Channels and Subscriptions
The other important thing about all of the communication techniques listed earlier is that the user is never forced to cope with all of the data going over the network. For example, on IRC you only join the channels that you are interested in. You only go to web-based message boards that interest you, you only read newsgroups that you find interesting, and so on. This process of selectively subscribing (or joining a channel) to get at interesting opinions is basically a method of filtering. In fact, the filtering can take place between servers on the network. For example, a company running a corporate NNTP server may choose to filter out all of the alt.* newsgroups, but keep the rest.

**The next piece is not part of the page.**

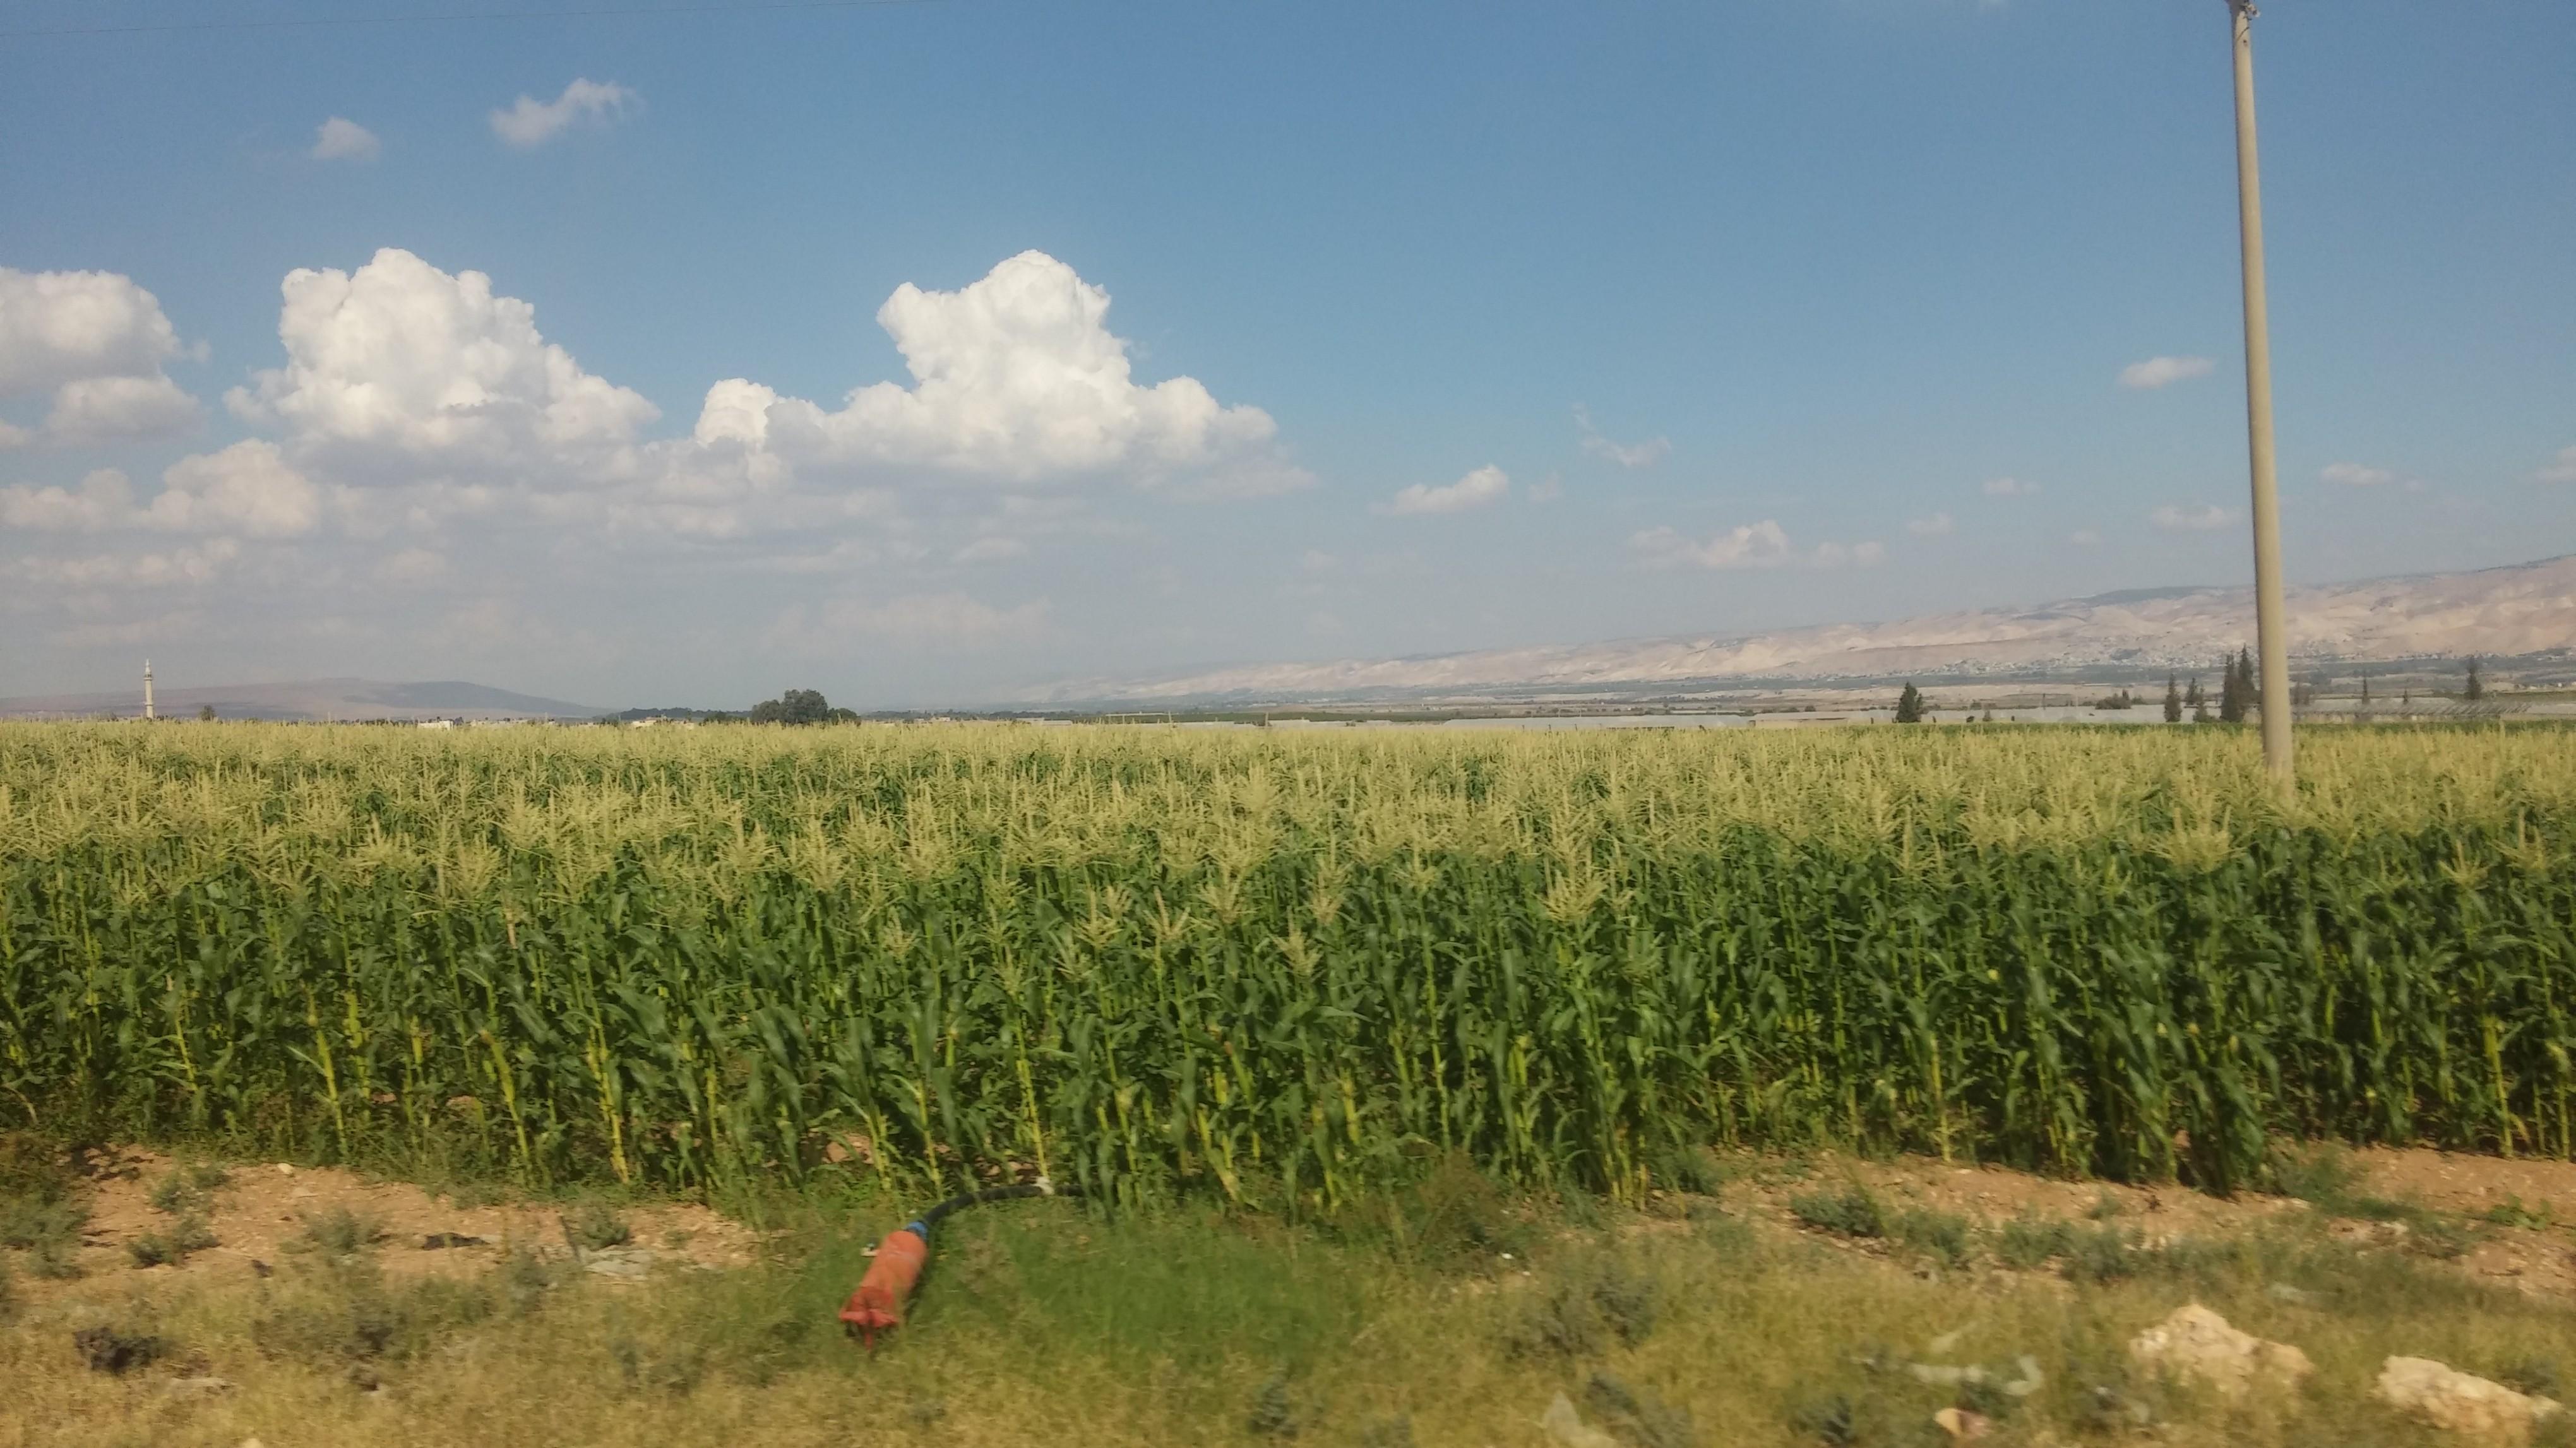 Cornfield in the Jordan River Valley (Photo:  Rodrigo Rodriguez)

Decentralize Data, Centralize Metadata, Decentralize Meta-Metadata
Ok, so the title of this topic is a bit stupid. I wanted to keep continuity with the "Decentralize Data, Centralize Metadata" theme earlier, but convey the idea that what will really be happening is a series of flows involving centralization, aggregation, and subsequent decentralization. In the examples we have given above, the process of deciding how decentralized the data gets (to push it closer to users for fast retrieval) and deciding how to syndicate and aggregate the data is quite manual. That is, humans at various points decide to establish an NNTP or IRC server, decide which other servers to connect with, establish filtering rules, retention policies and so on. The current trend toward edge-caching of content through techniques like inktomi or akamai is actually very similar to the aggregation/filtering cycle, though. In a sense, the edge caches act as aggregators of web content, and they filter the content they aggregate based on popularity (which is a bit of semantic metadata that they have to determine dynamically). Edge caches available today are not nearly as sophisticated in their range of options as are the manual syndication and aggregation systems, but they are able to operate largely without human configuration. As edge-cache intelligence continues to increase, and as aggregation and syndication systems add more intelligence, it is possible to imagine these two techniques converging.
Architecture Summary
The semantic web wants to be decentralized and open. This is not to say that centralized uses of metadata tightly-coupled to tools are a bad idea -- in fact, there are plenty of good reasons why such uses might evolve and serve user needs. However, those applications are not the topic of this document. This document is about "the semantic web", and the semantic web is by definition inclusive and interoperable. Creative application of aggregation, syndication, and filtering techniques will probably be necessary to scale the semantic web appropriately without sacrificing inclusiveness.